Discussion in 'Coin Chat' started by kaparthy, Aug 2, 2021.

  1. kaparthy

    kaparthy Well-Known Member

    The cover calls this “The book that belongs in every collector’s safe deposit box” and they are right. If you bought a previous edition, you probably do not need the latest one. However, this edition does have enough new information that if you need an extra copy for your heirs, then this will deliver additional guidance that you want them to have.

    [The full version of this review appeared in the Winter 2021 issue of The Mich-Matist of the Michigan State Numismatic Society.]

    In the Foreword, Q. David Bowers provides some helpful hints. Even a person who does not understand the full context will get the meaning: modern commemoratives are sold in a different market than is a Proof 1856 Flying Eagle cent and neither of those is for the bullion market.

    Cash in Your Coins
    was written for the inheritors of your numismatic collection. As she tells it, in 1985 Beth had been editor of Coin World for about ten years when she got a call from a woman who discovered her late husband’s coin collection. Beth started to explain that Coin World is a newspaper and they don’t buy or—and the woman cut her off. She knew that. In an apologetic tone, the woman told her story. After her husband died, she found a few silver dollars and some Wheat cents in his safe and she assumed that those were his coin collection. They had never discussed it; she had no interest in it. Then, she began getting payment-due notices for safety deposit boxes at banks. Now, she had a huge inventory that was obviously valuable and she was totally without a course of action.

    Among the many small updates and improvements, the fourth edition differs from the first in three key areas: preparing to sell, warnings about fakes, and updates to the tax laws.

    The earlier editions recommended that heirs invest the time and effort to understand collecting by identifying and appraising the Lincoln Cents. The expectation was that any active lifetime collector will have hundreds or thousands of them and some will be far more valuable than others. Learning to view coins with a magnifier and then to grade them accurately will arm and armor the heirs who will likely deliver their inheritance to a dealer. That has been left behind. In its place is new information outlining the problems surrounding modern fakes from China. Note that this is not a guide to authentication, but a warning that proper identification is necessary. Beth Deisher served as a director of the Anti-Counterfeiting Educational Task Force.

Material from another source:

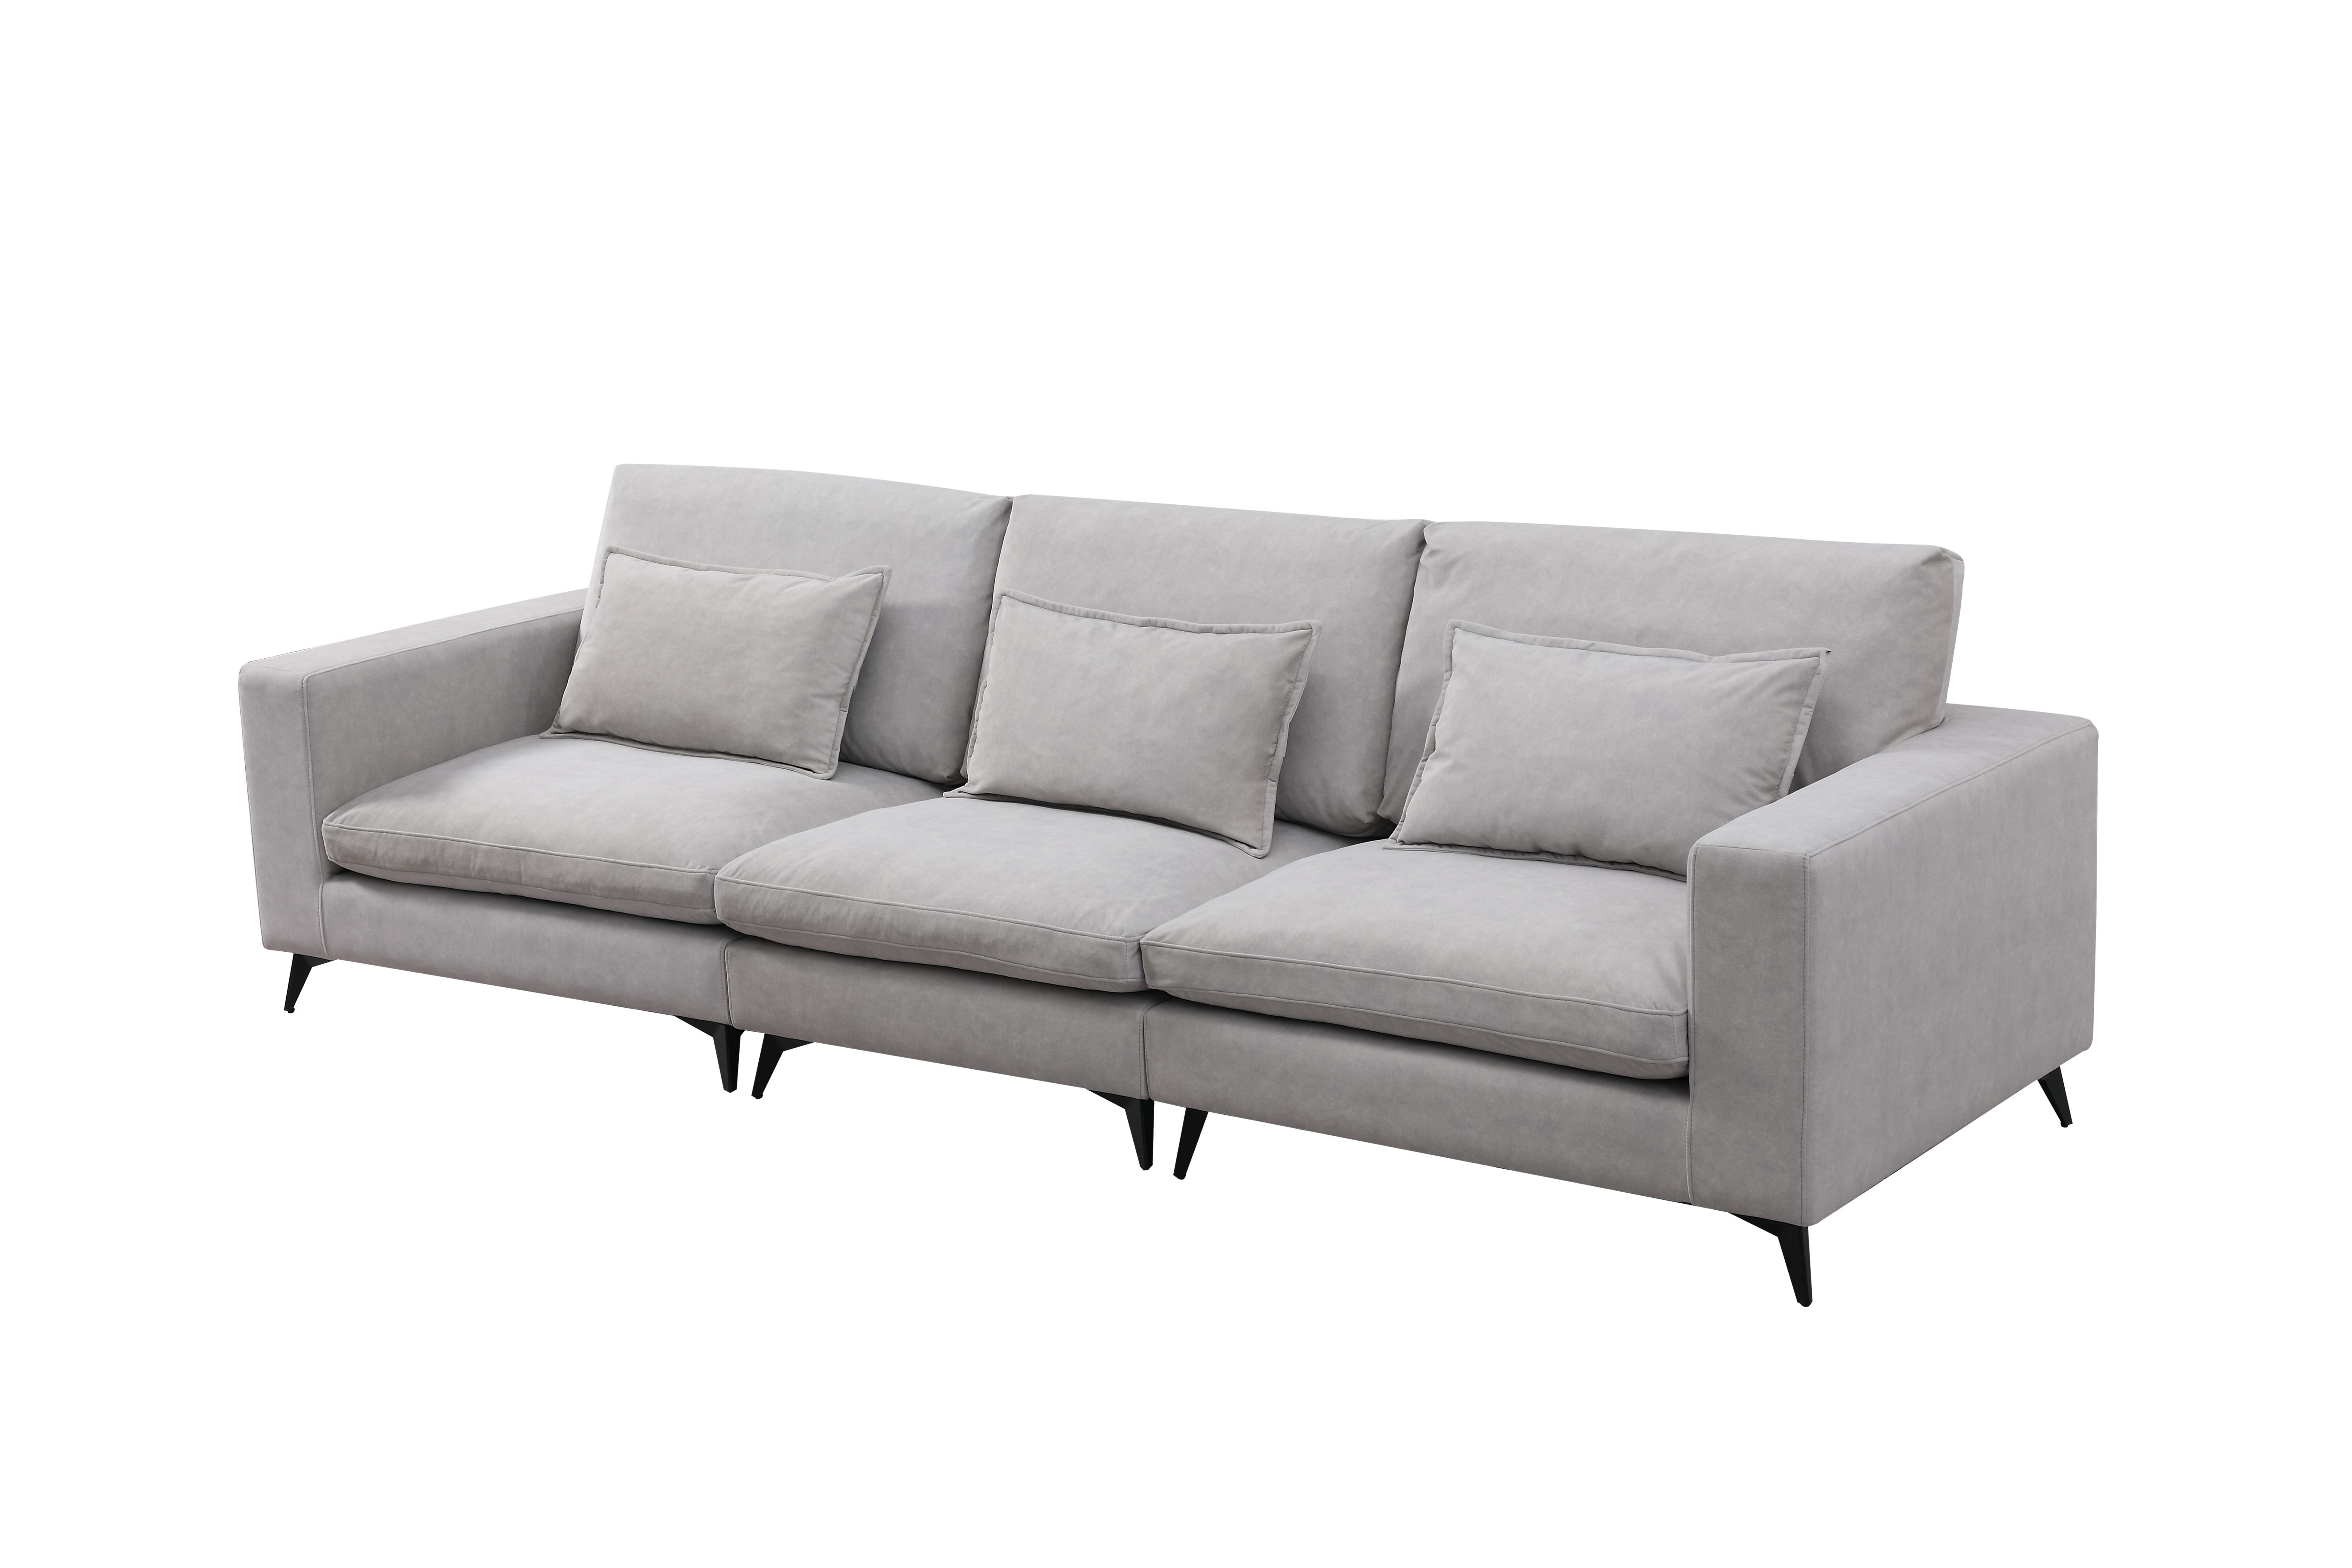 Model 8115  Living room stationary sofa velvet couch

    And there is no single market for the entire array. Neither will they benefit from dumping it all as quickly as possible. Three years is a reasonable estimate for the entire process of releasing your collection to the next generation at prices that will truly benefit your heirs. Selling at auction is just one avenue among the appropriate alternatives.


    They have a lot of work ahead of them. Part of that is understanding the vocabulary of numismatics. Among the 113 most important words we speak in our hobby are “cabinet friction,” “hairlines,” and “slab.” And an “accumulation” is not a “collection.”

    Deisher says only that an accumulation is “unsorted, unattributed, and unclassified.” She does not say that the coins are not valuable. Numismatists know that the huge unsorted rick left by Col. Edward Howland Robinson Green included many astounding rarities. However, long years rolled by as the estate lawyers were uncomfortable with the burden of liquidating assets they did not understand.

    On the other hand, as Q. David Bowers reminds us in his Foreword, the numismatic estates of John J. Ford, Louis E. Eliasberg, John Jay Pittman, and Harry W. Bass, Jr., all sold easily for record-breaking prices specifically because they had been properly identified, attributed, and catalogued while the collections were being built.

    Cash in Your Coins 4th ed cover.jpeg
    Cash in Your Coins; Selling the Rare Coins You’ve Inherited, 4th edition, by Beth Deisher; Whitman, 2020; 334 pages; $19.95.